Work instruction
When you write out the listing below, keep each word exactly as it stands and drop the pictures.

BEGIN Data extract

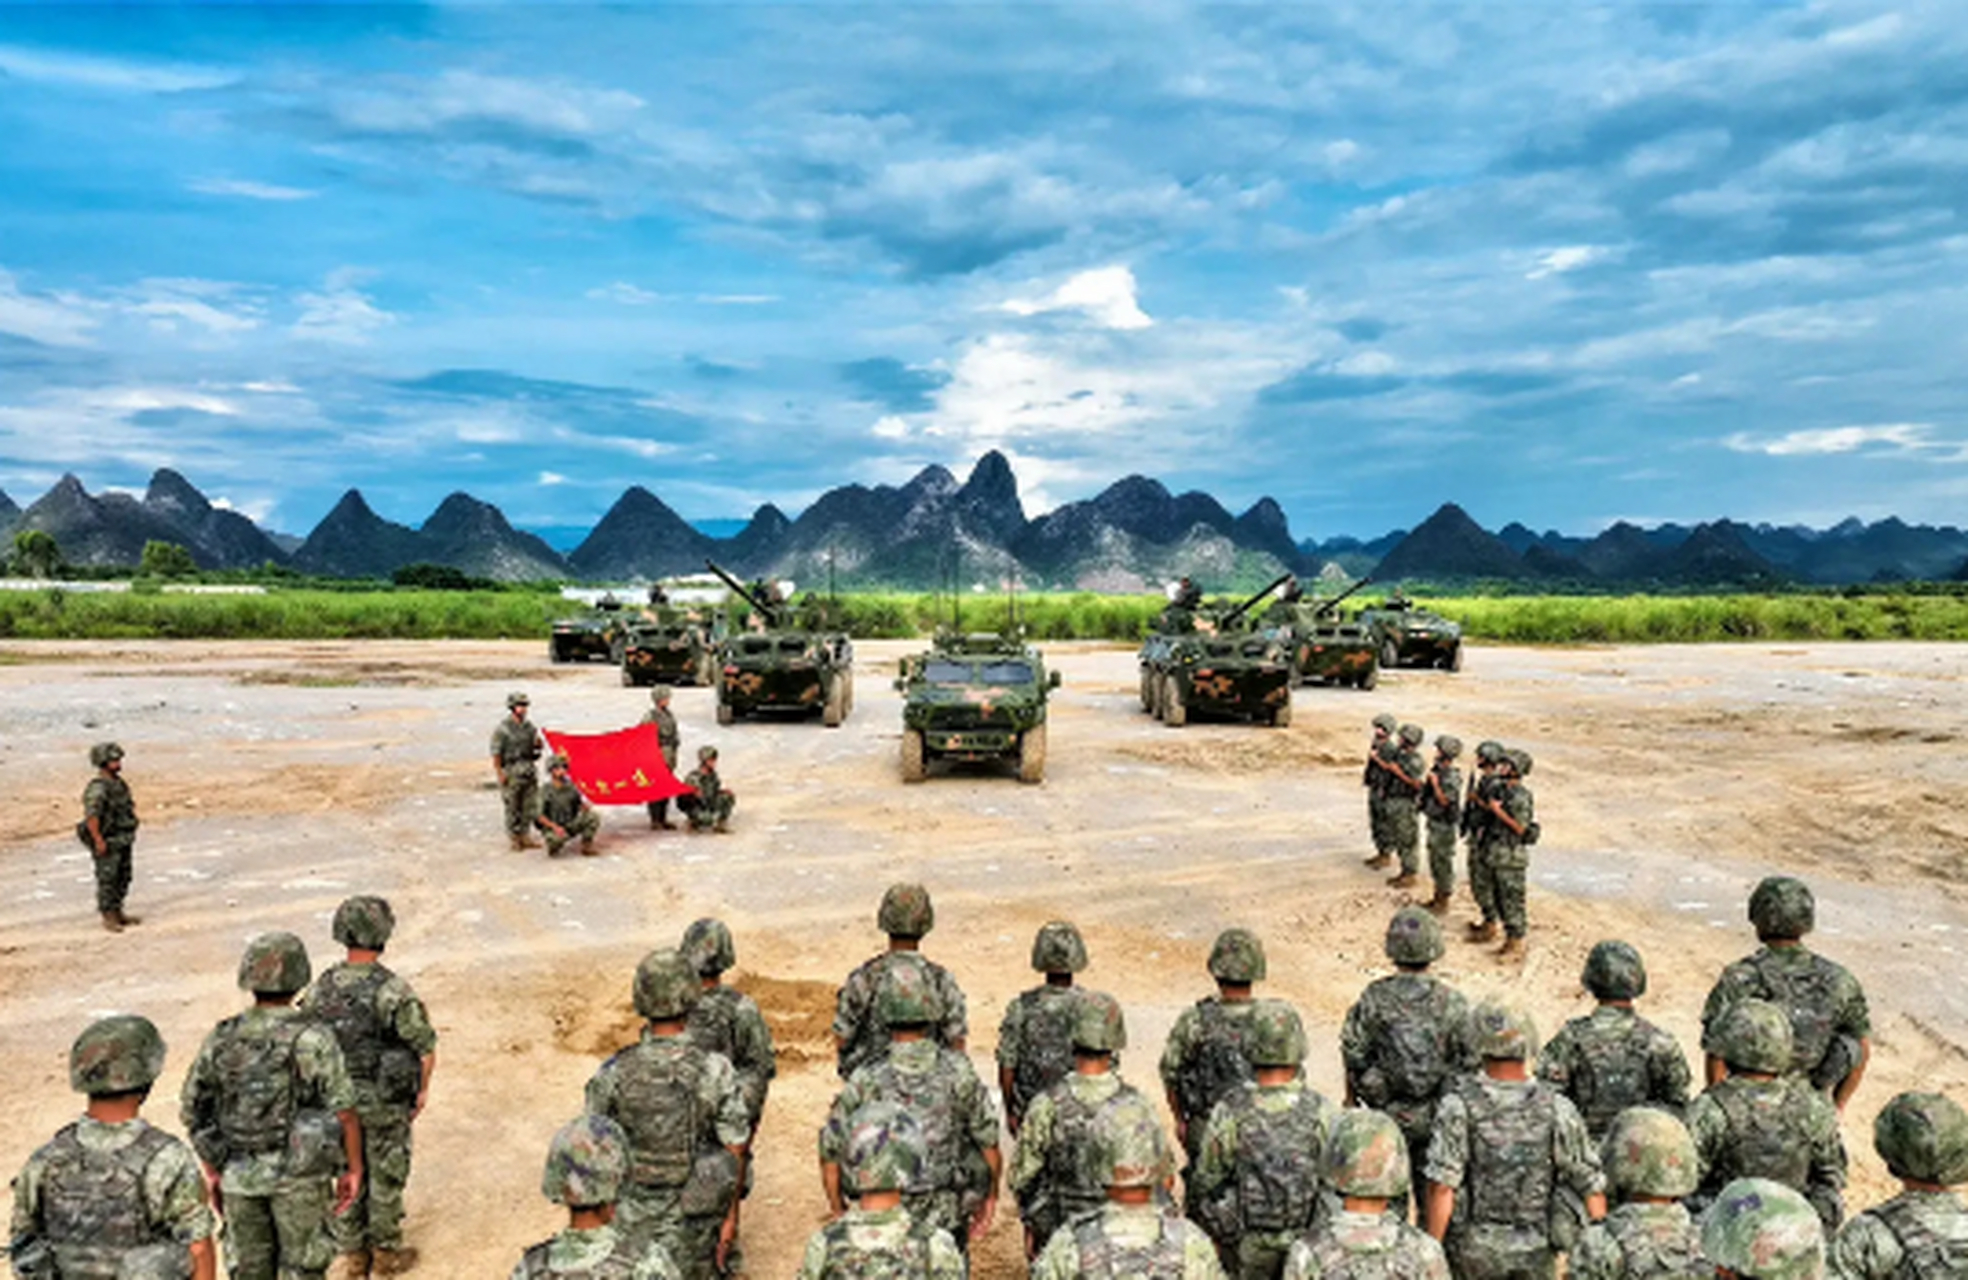 盛夏时节,第74集团军白台山劲旅在野外驻训场上举行了授枪仪式
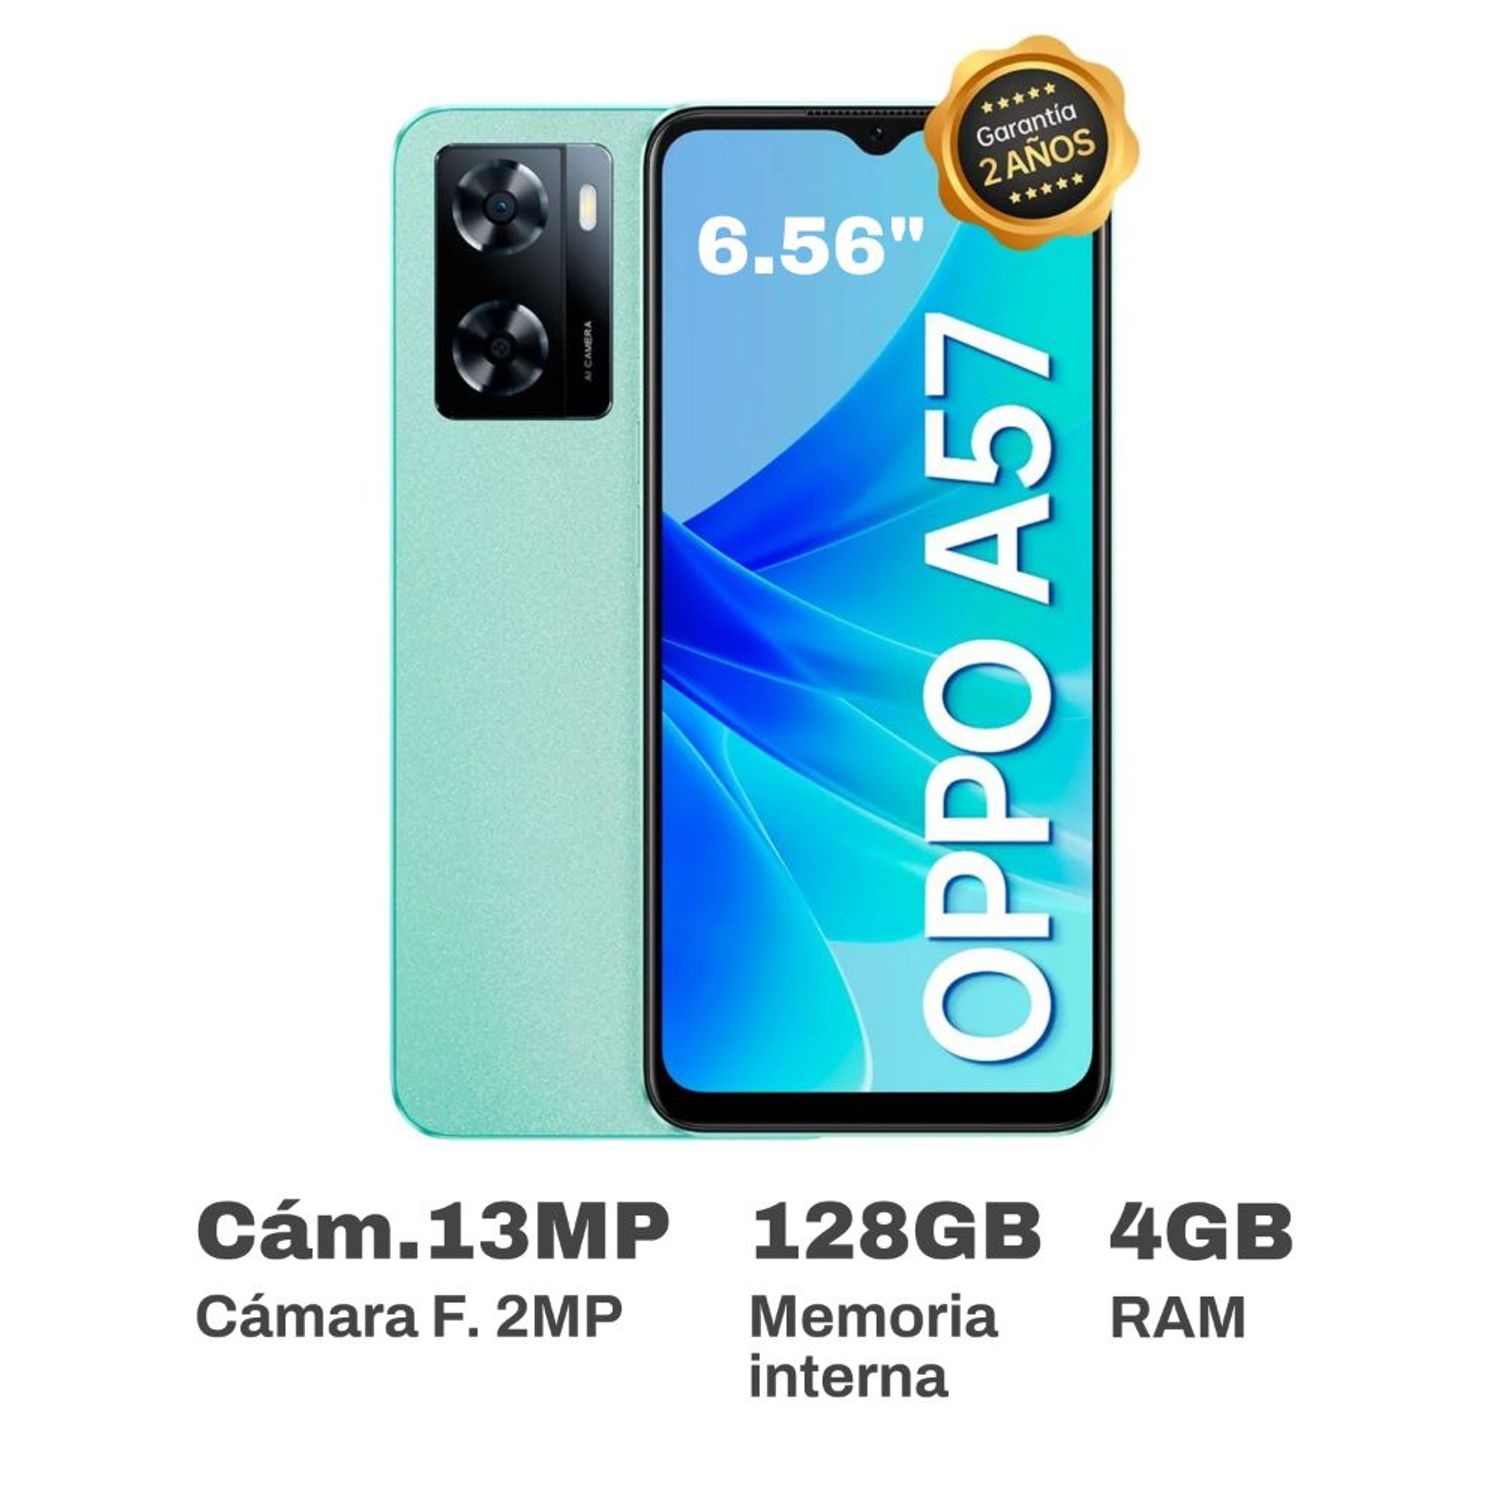 Combo OPPO A38 Negro de 128 GB + OPPO A77 Azul de 128 GB
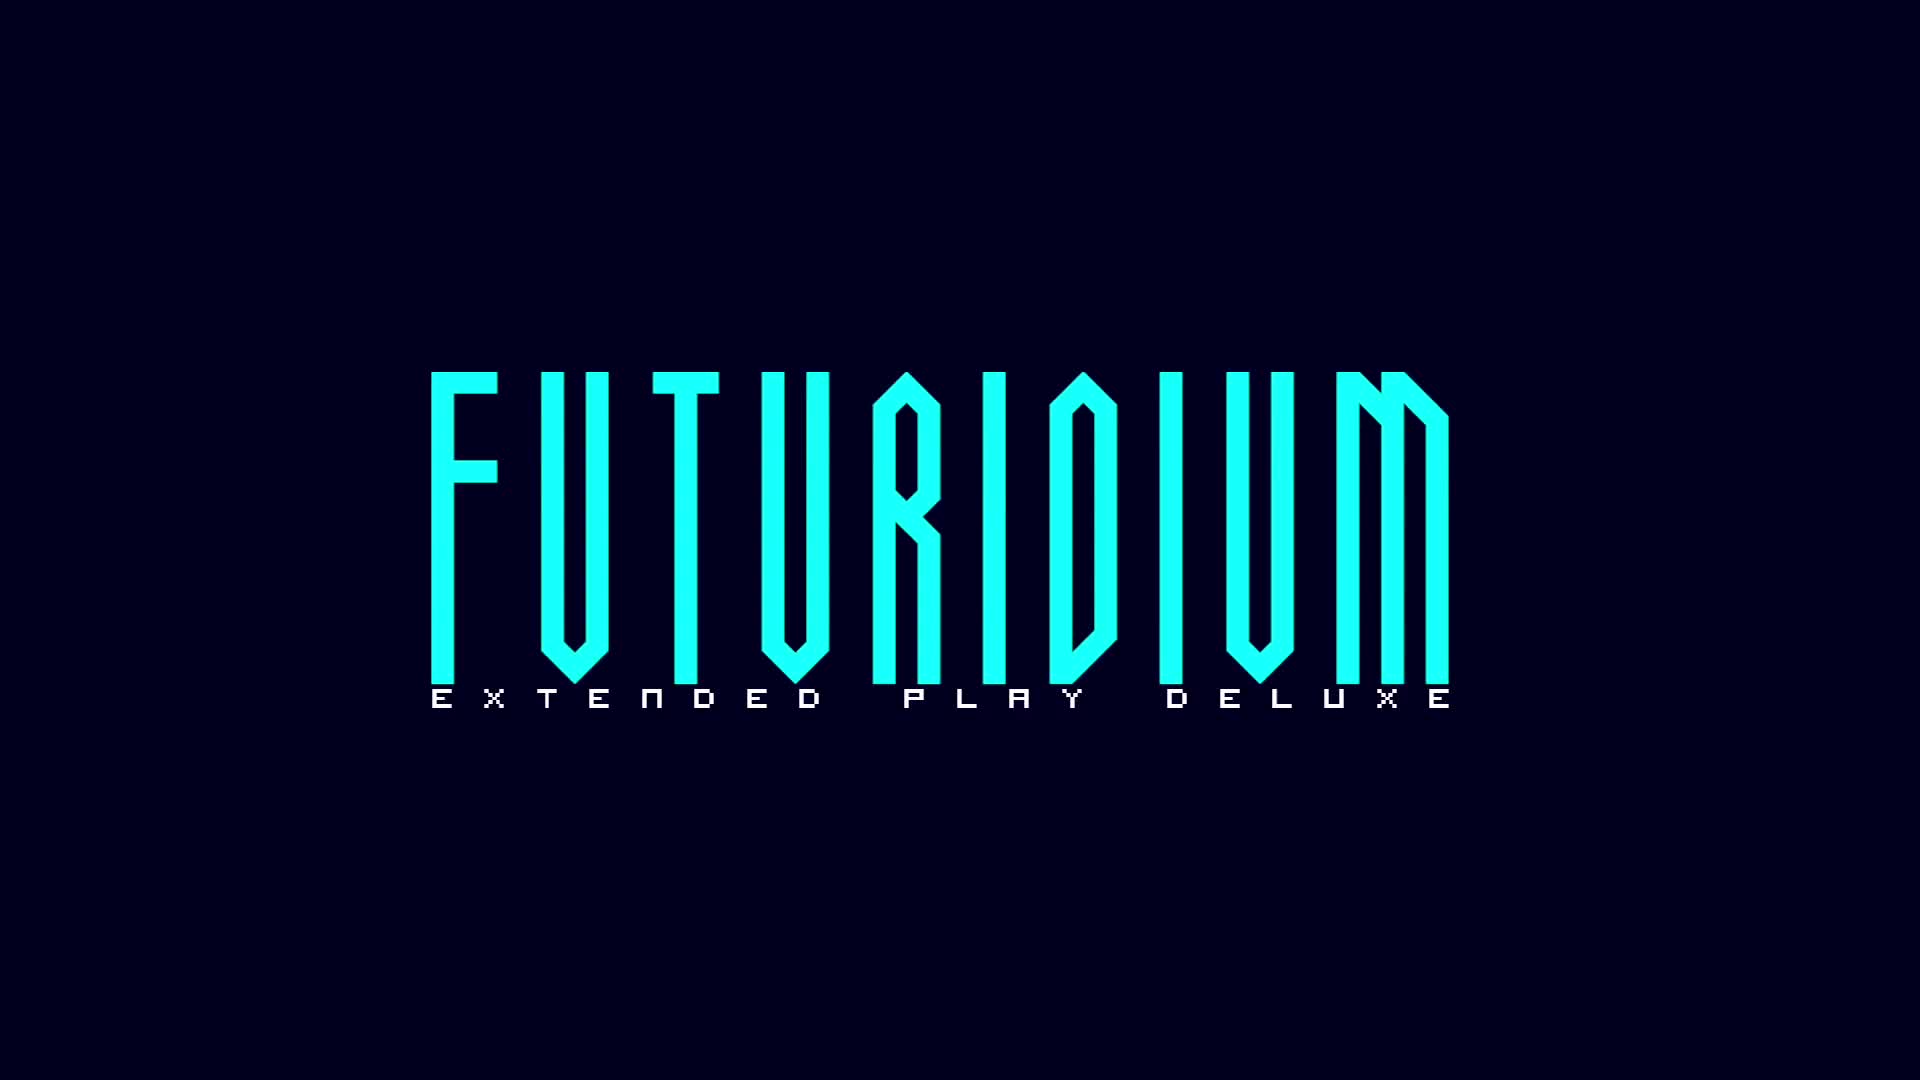 Futuridium EP Deluxe - Gameplay Trailer

END Data extract

Task output
 盛夏时节,第74集团军白台山劲旅在野外驻训场上举行了授枪仪式
 Combo OPPO A38 Negro de 128 GB + OPPO A77 Azul de 128 GB
 Futuridium EP Deluxe - Gameplay Trailer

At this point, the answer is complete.